Старик продолжил речь в сенях уже, с порога:
«Пол камнем вымощен, камней здесь очень много,
Но больше было тут распито бочек винных
На сеймах, сеймиках, на панских именинах.
Бочонки шляхтичи таскали из подвала
На поясах своих. И шляхта пировала.
На хорах музыка играла неустанно,
Гром трубный заглушал мелодию органа,
Гремели здравицы, и громкие виваты
Сопровождали их под медные раскаты.
«За здравье короля!» — «За здравье королевы!» —
«За здравье примаса!» — летело справа, слева.
«За здравье шляхты всей, простой и именитой!»
Потом: «За здравие всей Речи Посполитой!» —
«За братскую любовь!» — Под возгласы такие,
Бывало, до зари пьют шляхтичи лихие.
А сколько ждет карет и бричек пароконных,
Чтоб отвезти домой соседей приглашенных!»

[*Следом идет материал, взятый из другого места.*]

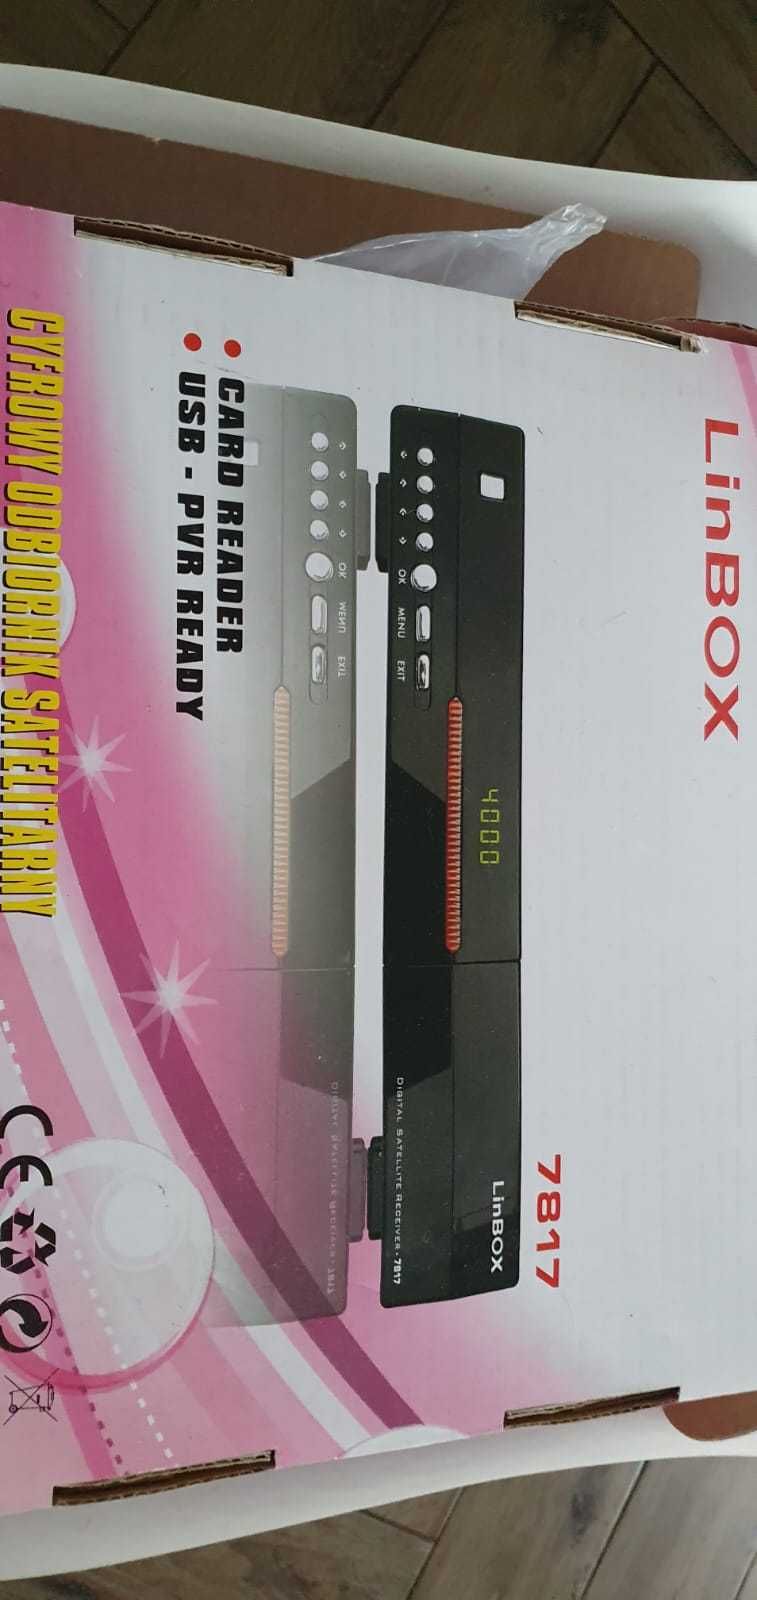 Tuner DVB-S LinBOX 7817

В парадных комнатах, в молчанье погруженный,
Гервазий взглядывал на своды и колонны,
Он видел прошлых лет удачи и невзгоды
И, словно говоря: «Прошли, промчались годы!»,
То головой качал, а то махал рукою
И в мыслях горестных не находил покоя.
Все дальше шли они, уже в зеркальном зале,
Где рамы без зеркал у голых стен стояли,
А окна голые зияли пустотою,
Балкон напротив был над лесенкой витою,
Гервазий сгорбился под гнетом дум тяжелых,
Ладонями лицо закрыл, когда ж отвел их,
То скорбный взгляд являл отчаянье такое,
Что Граф растрогался и дружеской рукою
Сжал руку старика, хотя причин печали
Совсем не понимал. Тут оба помолчали.
Вдруг шляхтич произнес с подъятою десницей:
«Нет примирения Горешке и Соплице!
В тебе Горешков кровь, ты кровный родич пана
По матери своей, по внучке каштеляна!
А дед твой, каштелян, был человек известный
И дядя Стольника. Род именитый, честный.
Узнай историю сородичей почтенных,
Что разыгралась здесь, вот в этих самых стенах!

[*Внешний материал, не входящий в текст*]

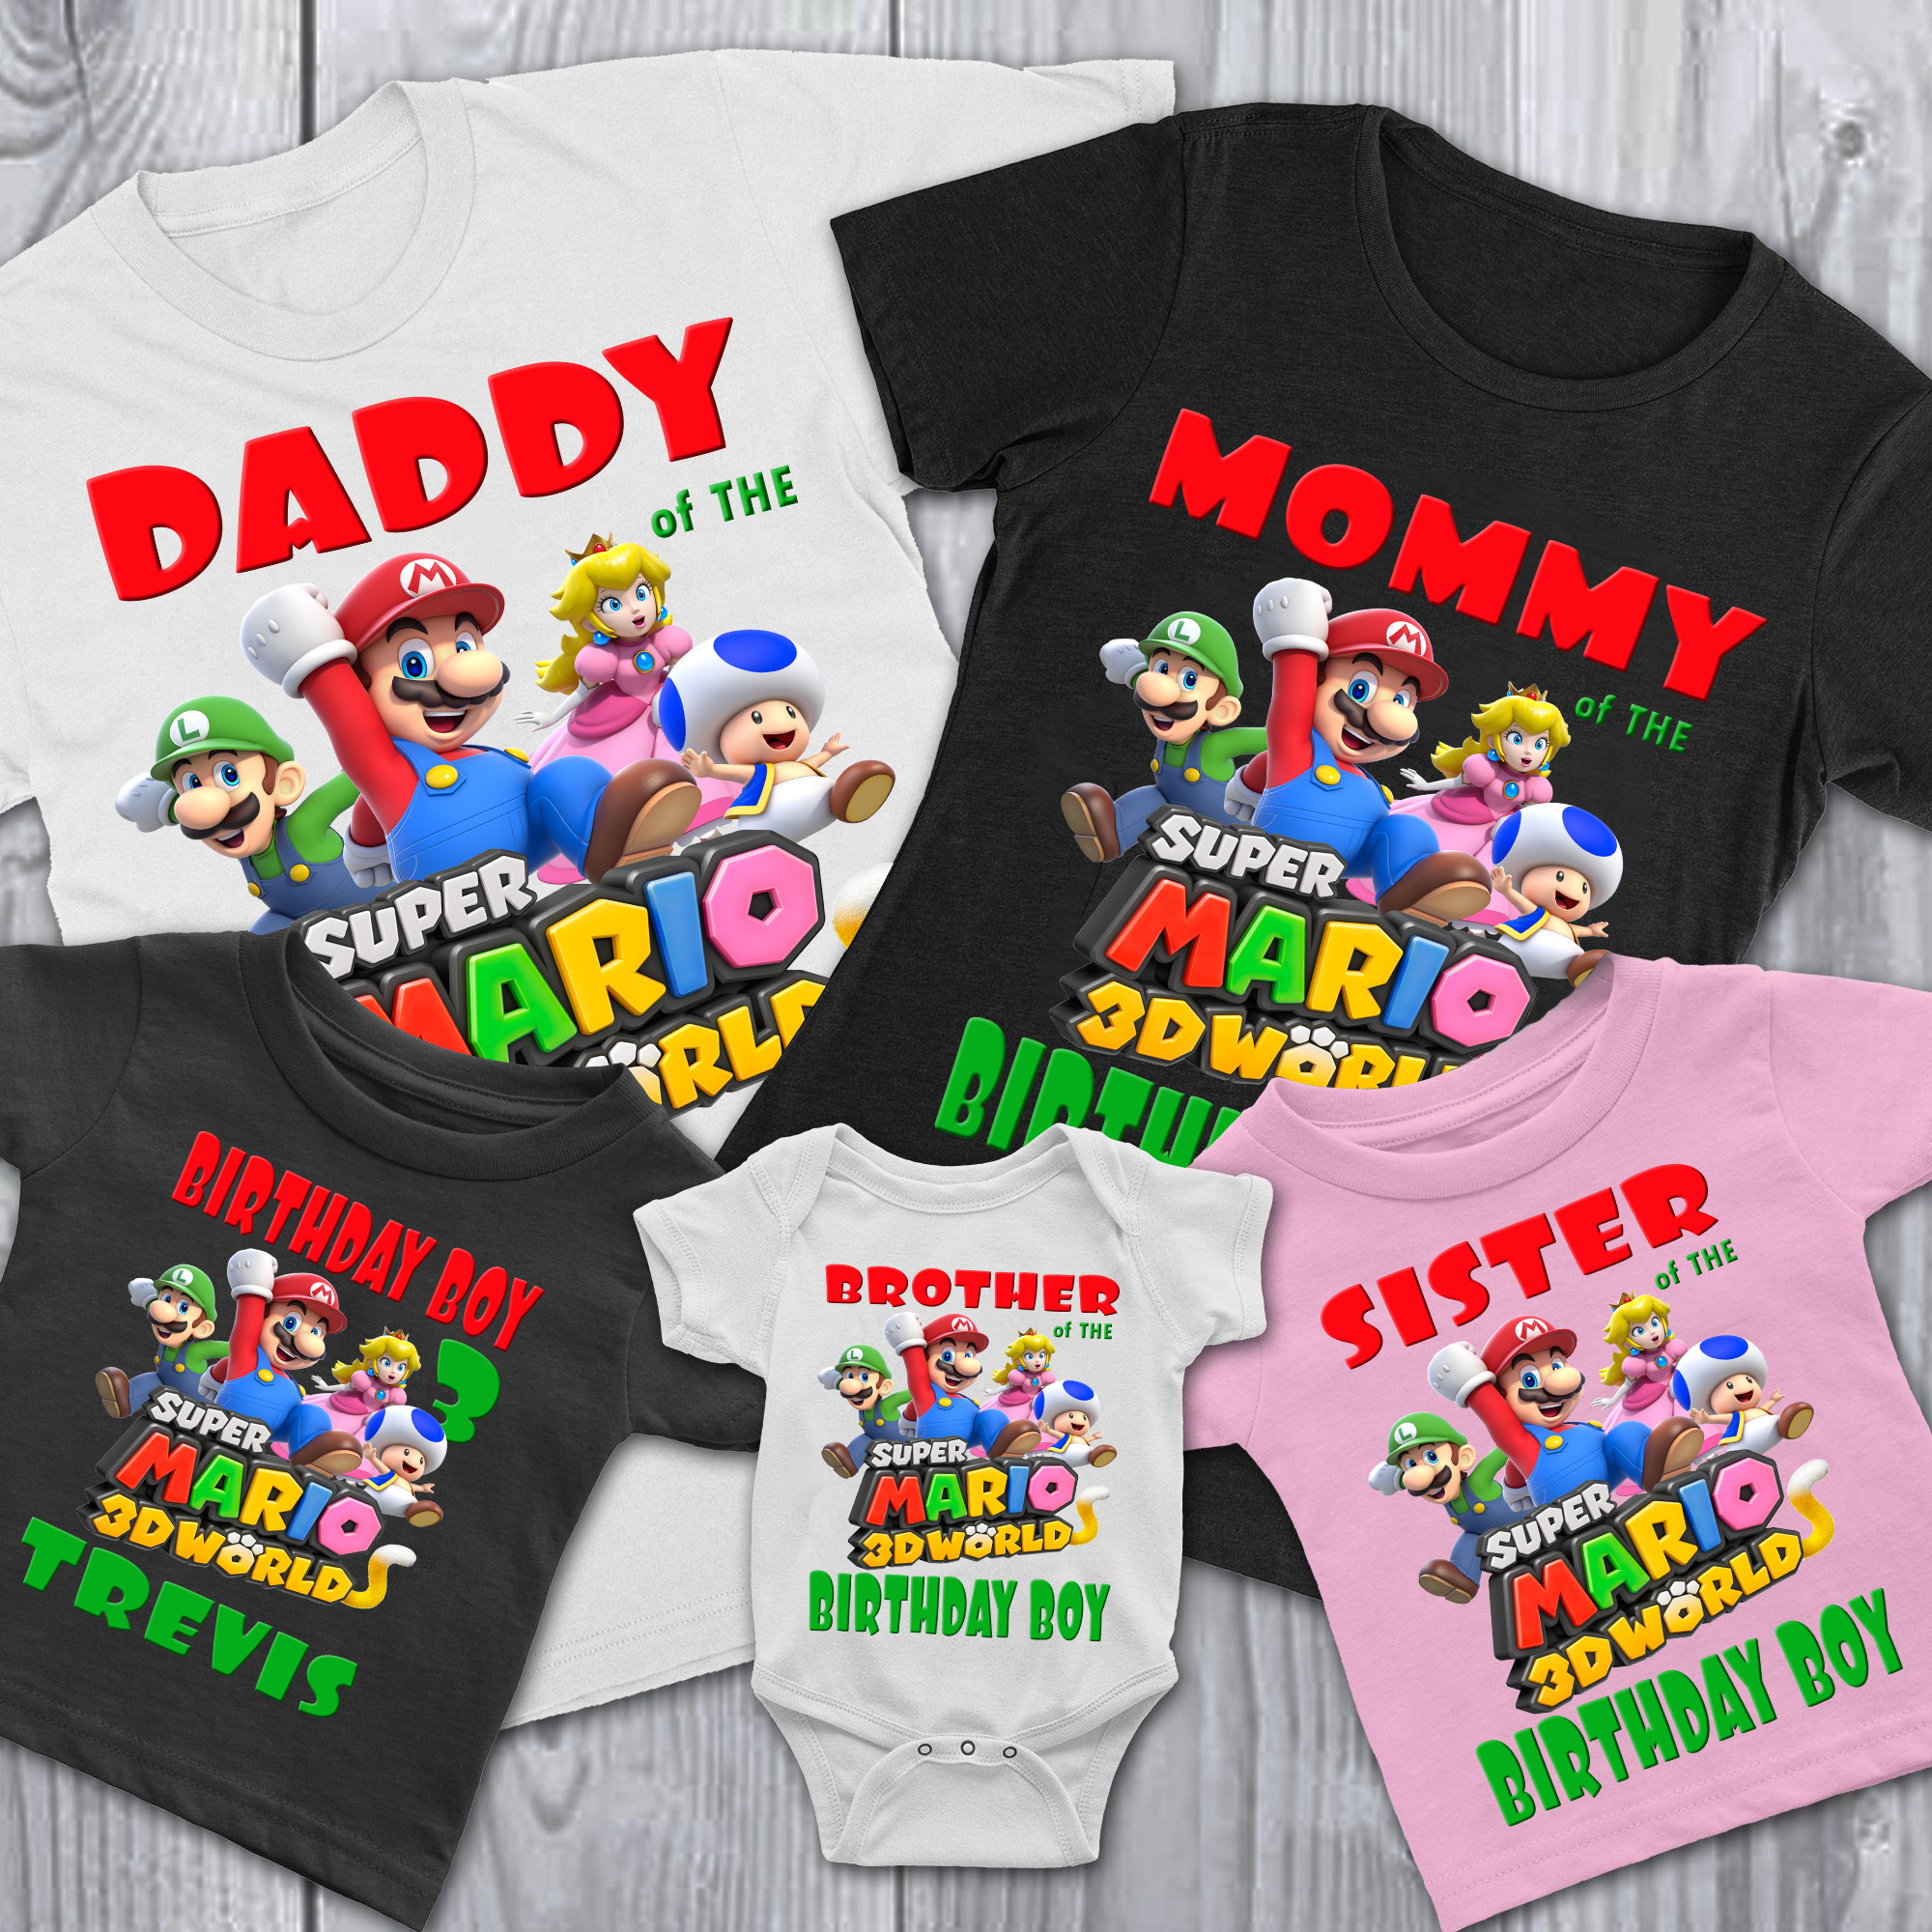 Super Mario birthday shirt, Super Mario family shirts, Super Mario theme party shirts, Super Mario matching shirts, Super Mario tshirt

Покойный Стольник был в повете первым паном,
Гордился он своим сокровищем желанным:
Дочь у него была, прекрасная собою,
И не было у ней от женихов отбоя.
А среди шляхтичей ничтожнейшего рода
Соплица Яцек был, по кличке Воевода.
Владел заслуженно своею кличкой лестной,—
Глава трехсот Соплиц был человек известный,
Распоряжался он в повете голосами,
А сам гордиться мог лишь саблей да усами
И родовой земли еще клочком ничтожным.
У пана он бывал, дружил с ясновельможным.
Пан угощал его пред сеймиками знатно,—
Сторонникам его хотел польстить, понятно.
Вот тут-то, как на грех, и обнаглел Соплица,
Задумал этот хват с Горешкой породниться,
Горешке зятем стать! К нам зачастил без зова
И обжился у нас; казалось, все готово,
Посватается он; похлебкой чечевичной
Однажды встречен был и не пришел вторично.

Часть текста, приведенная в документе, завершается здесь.